[Problem statement] With pictures excluded, repeat exactly the lines from the one containing "Gratitude Give Thanks to The Lord" through the last line of the material below.
BEGIN Information supplied
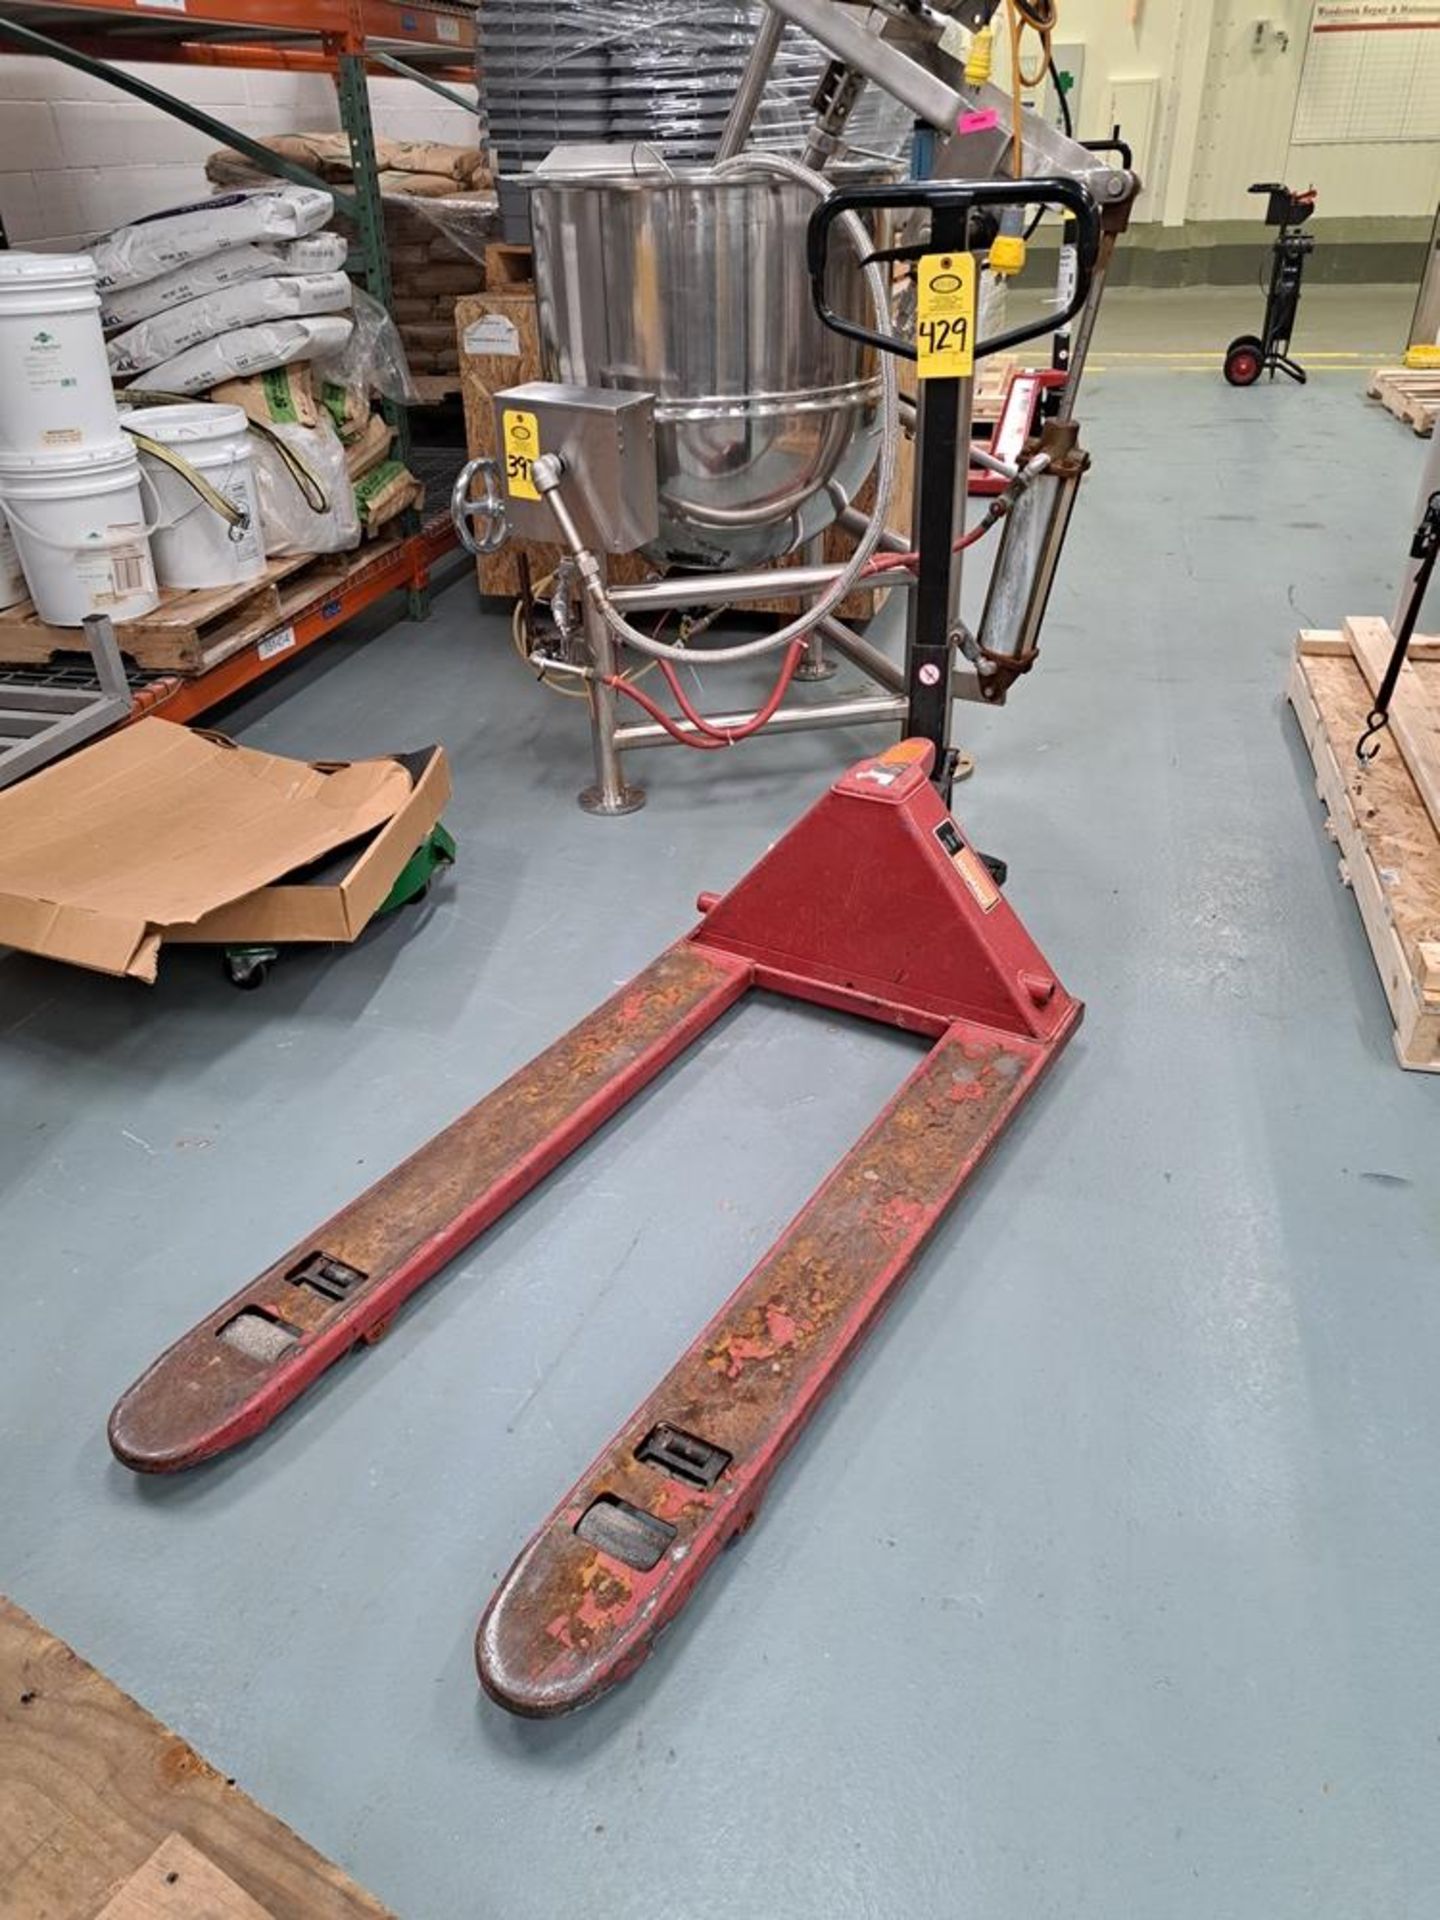 Dayton Pallet Jack, 5500 Lb. capacity-Removal Is By Appointment Only-All Small Hand Carry Items-
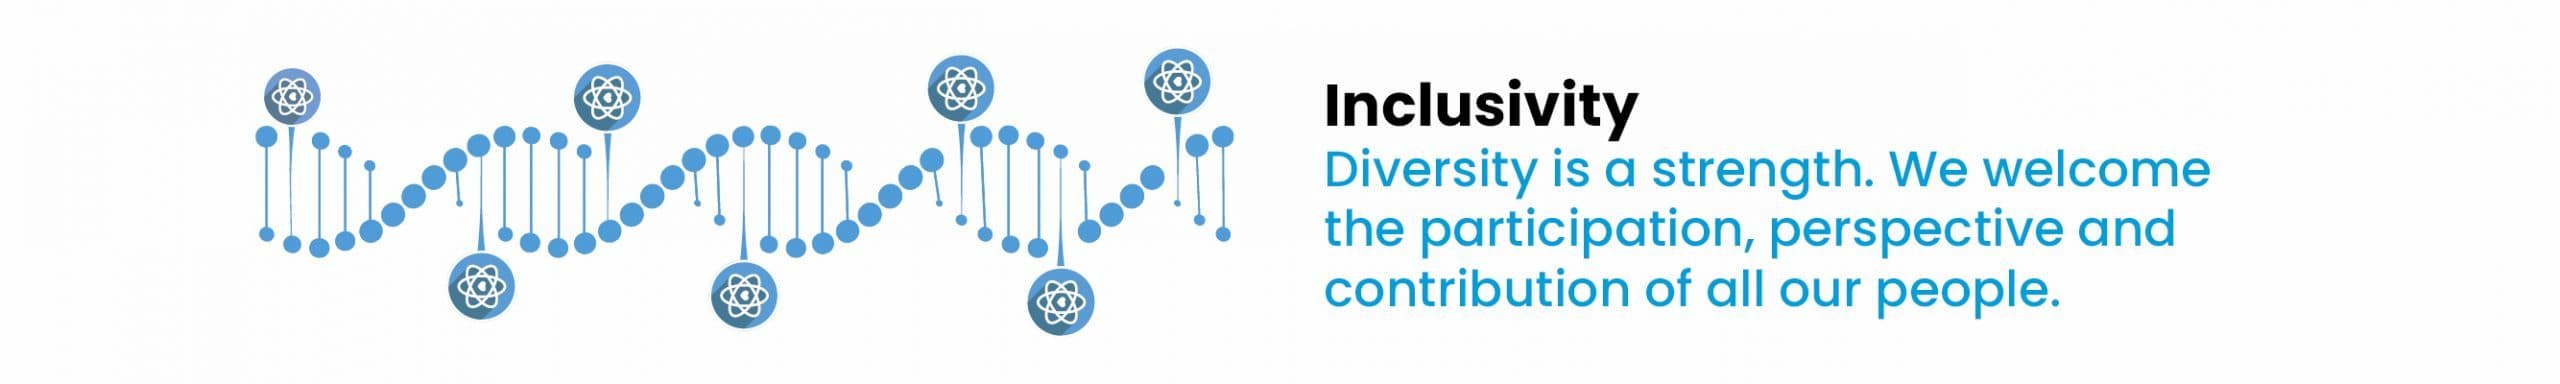 Inclusivity and Diversity Graphic
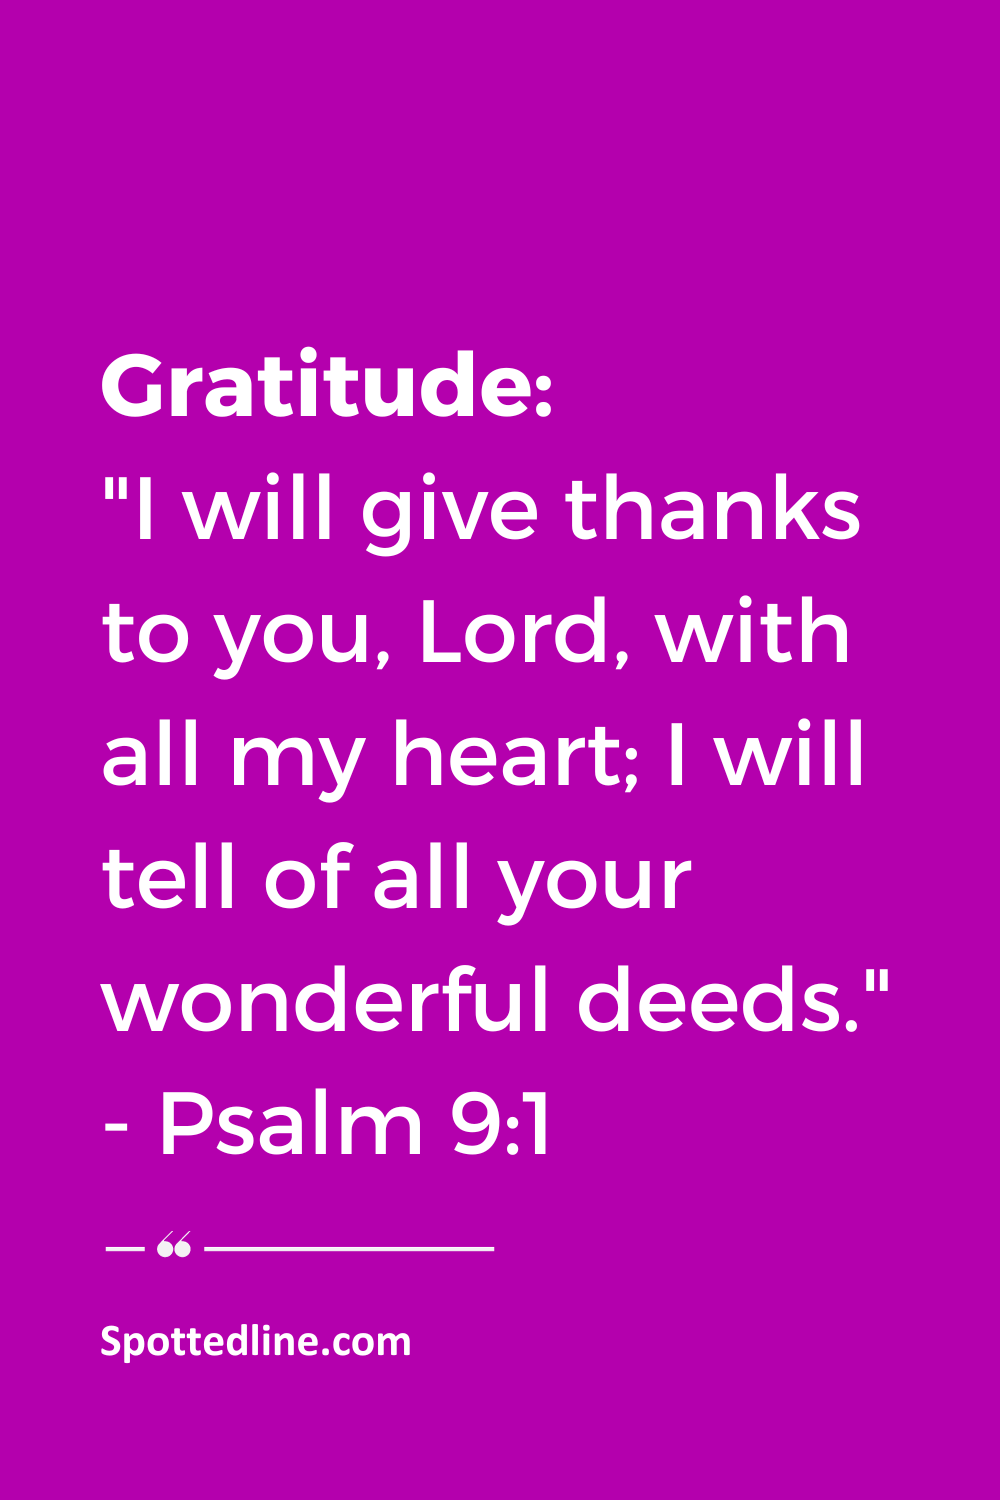 Gratitude Give Thanks to The Lord
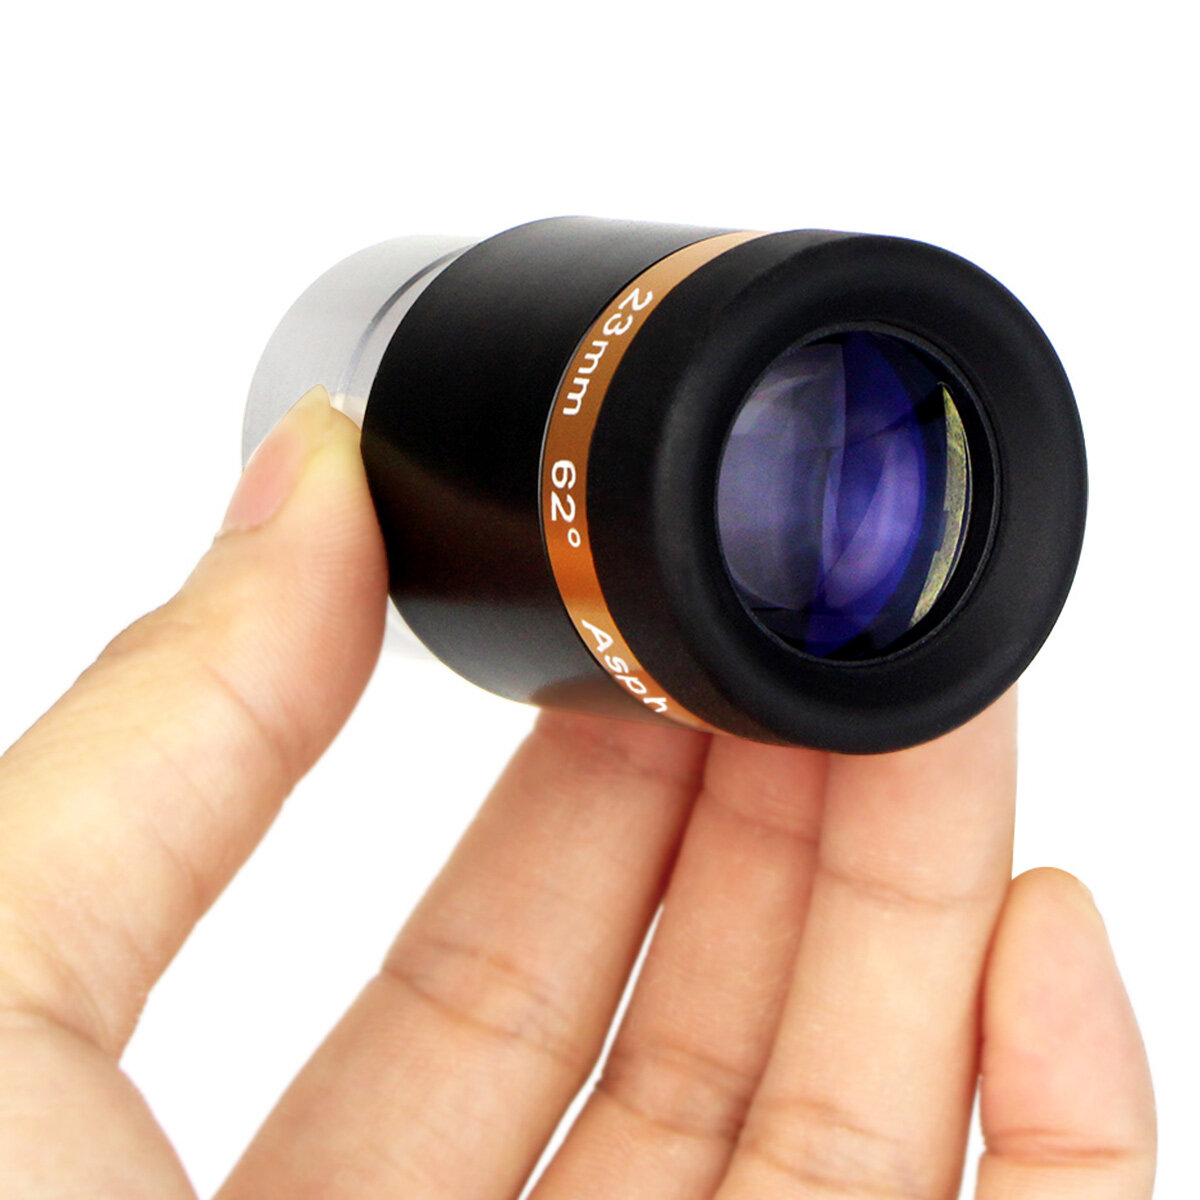 

SVBONY Lens 23mm Wide Angle 62°Aspheric Eyepiece HD Fully Coated for 1.25" 31.7mm Astronomic Telescopes -Black
END Information supplied
[Response area]
 Gratitude Give Thanks to The Lord

SVBONY Lens 23mm Wide Angle 62°Aspheric Eyepiece HD Fully Coated for 1.25" 31.7mm Astronomic Telescopes -Black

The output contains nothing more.